In this notebook the full dataset is broken into 26 subsets for each of the unique values of the kinase key. A random forest is fit to each of the subsets and evaluated using $k=5$-fold cross validation. The purpose in doing this is to determine which of the kinases are more difficult to classify and to verify reports that the fgfr1 kinase may have "bad" data.
In [1]:
import pandas as pd
import time
import glob
import numpy as np
from scipy.stats import randint as sp_randint
from prettytable import PrettyTable
from sklearn.preprocessing import Imputer
from sklearn.model_selection import train_test_split, cross_val_score, RandomizedSearchCV
from sklearn.metrics import f1_score, accuracy_score, make_scorer
from sklearn.ensemble import RandomForestClassifier
In [3]:
load_data_t0 = time.clock()
df = pd.concat([pd.read_csv(filename, index_col=[1,0], na_values=['na'], engine='c', header=0) for filename in glob.glob("data/parser_output/csv/*.csv")],axis=0)

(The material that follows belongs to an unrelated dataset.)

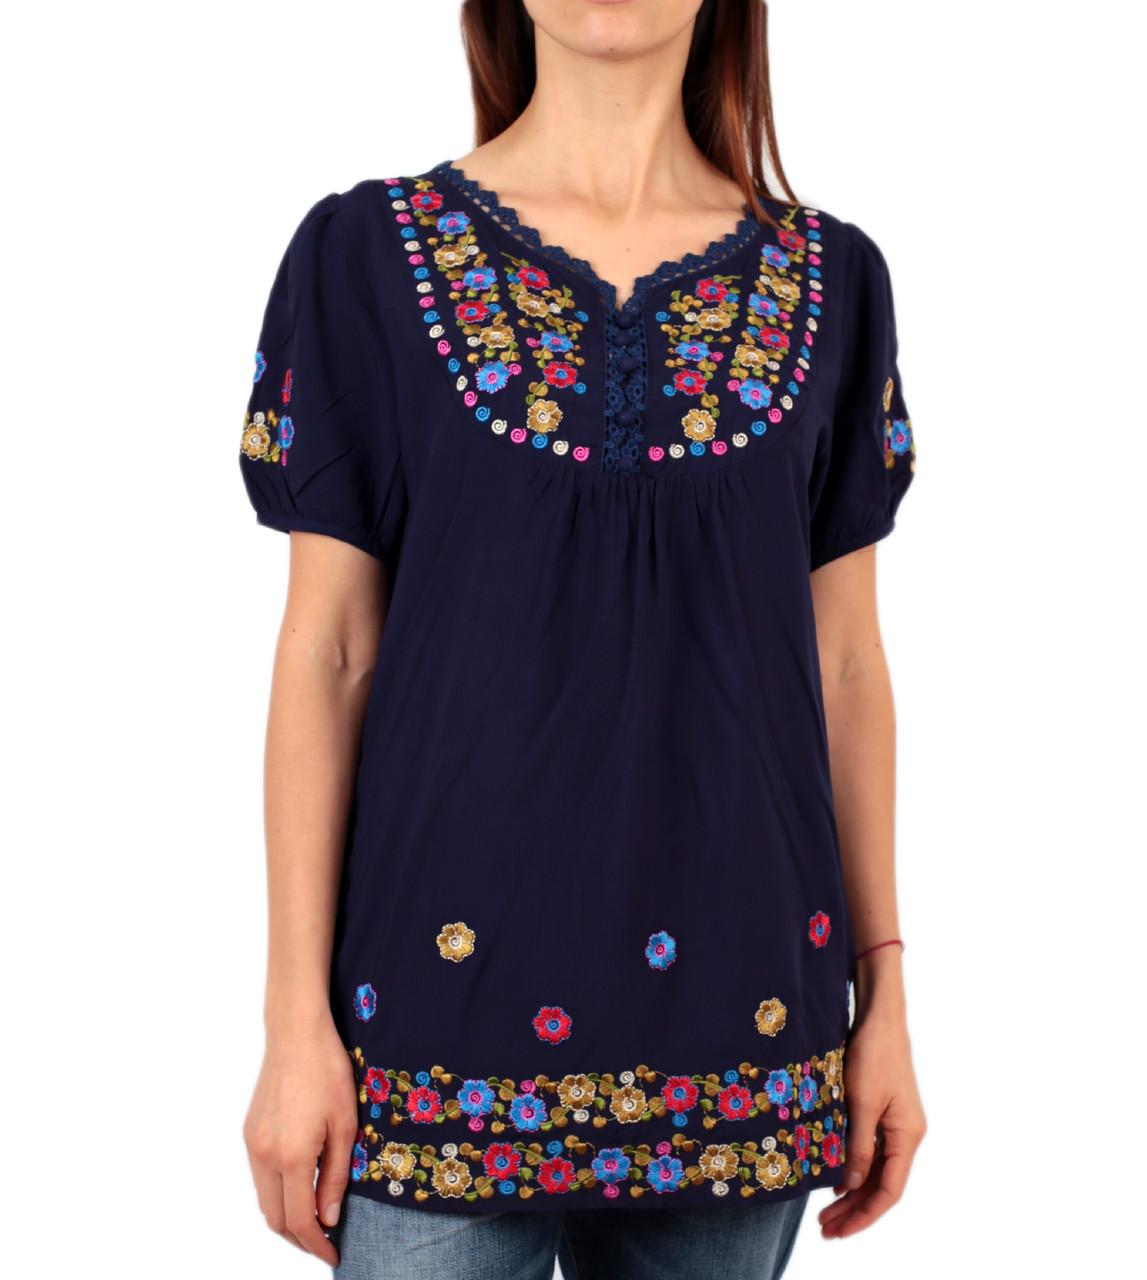 Жіноча вишита туніка на штапельній тканині синього кольору на короткий рукав

load_data_t1 = time.clock()
print ("data loaded in ~", ((load_data_t1 - load_data_t0)/60), "minutes.")
after loading the data, extract the receptor names so that it is possible to form the seperate data subsets.
In [4]:
receptor_names = list(df.index.get_level_values(0).unique())
Now iterate through the list of receptors and extract the corresponding subset of training data from the full dataframe. Keep in mind that the number of examples in each set are not the same, therefore the average f1 of each subset is stored into a list for later visualization. A random forest is fit to each of the subsets using $k=5$-fold cross validation with the scoring metric set to the f1-score in order to capture presence type I (precision) and type II (recall) errors. Accuracy is not used due to the fact that the data is imbalanced and that a good accuracy score may be misleading regarding the performance of the classifier on correctly classifying positive training/testing examples.
\begin{equation} Precision = \frac{TP}{TP + FP} \end{equation} \begin{equation} Recall = \frac{TP}{TP + FN} \end{equation} \begin{equation} F1 = 2* \frac{Precision*Recall}{Precision + Recall} \end{equation}
In [13]:
rforest_params = {"n_estimators": sp_randint(pow(2,5),pow(2,7))}
In [15]:
cv_score_list = []
outputTable = PrettyTable()
outputTable.field_names = ["receptor","N","%positive","Mean F1","Min F1","Max F1"]
for receptor in receptor_names:
receptor_df = df.iloc[df.index.get_level_values(0) == receptor]
X = Imputer().fit_transform(receptor_df.drop('label', axis=1).as_matrix())
y = pd.to_numeric(receptor_df['label']).as_matrix()
#rforest = RandomizedSearchCV(RandomForestClassifier(oob_score=True, class_weight='balanced'), rforest_params, cv = 3, scoring = make_scorer(f1_score),n_jobs=3)
rforest = RandomForestClassifier(oob_score=True, class_weight='balanced',n_estimators=100)
cv_score = cross_val_score(rforest,X,y,scoring='f1',cv=5)
cv_score_list.append(np.mean(cv_score))
outputTable.add_row([receptor,receptor_df.shape[0],(100*(y[y==1].shape[0]/y.shape[0])),np.mean(cv_score),np.min(cv_score),np.max(cv_score)])
del rforest
del X
del y
print(outputTable)
To get an idea of how the random forest tends to perform across the subsets of data, a violin plot is used to communicate the median and inner-quartile ranges of the data as well as visualize the estimated density of the samples at each point. As one can see the distribution is multimodal which implies some abnormality if we expect the f1-scores for any particular subset to lie within a single peaked gaussian.
In [17]:
%matplotlib inline
import seaborn as sns
import matplotlib.pyplot as plt
plt.figure(figsize=[15,6])
plt.xlabel("mean_f1")
sns.violinplot(x=cv_score_list, cut=0)
print ("Mean F1:",np.mean(cv_score_list),"\tMin F1:",np.min(cv_score_list),"\tMax F1:",np.max(cv_score_list))
As it can be observed, the f1-scores for the classifiers do vary when using the random forest with default settings. However a notable result is the fgfr1 receptor being very difficult to correctly classify with a markedly low score as compared to the other receptors. This implies that either the receptor is in general difficult to classify or that there are potential mistakes for the actives and decoys in the data from the DUDE dataset. Perhaps what is surprising is that the positive class makes up a larger portion of the training examples for the fgfr1 receptor than what is typically 2-3% for the other receptors.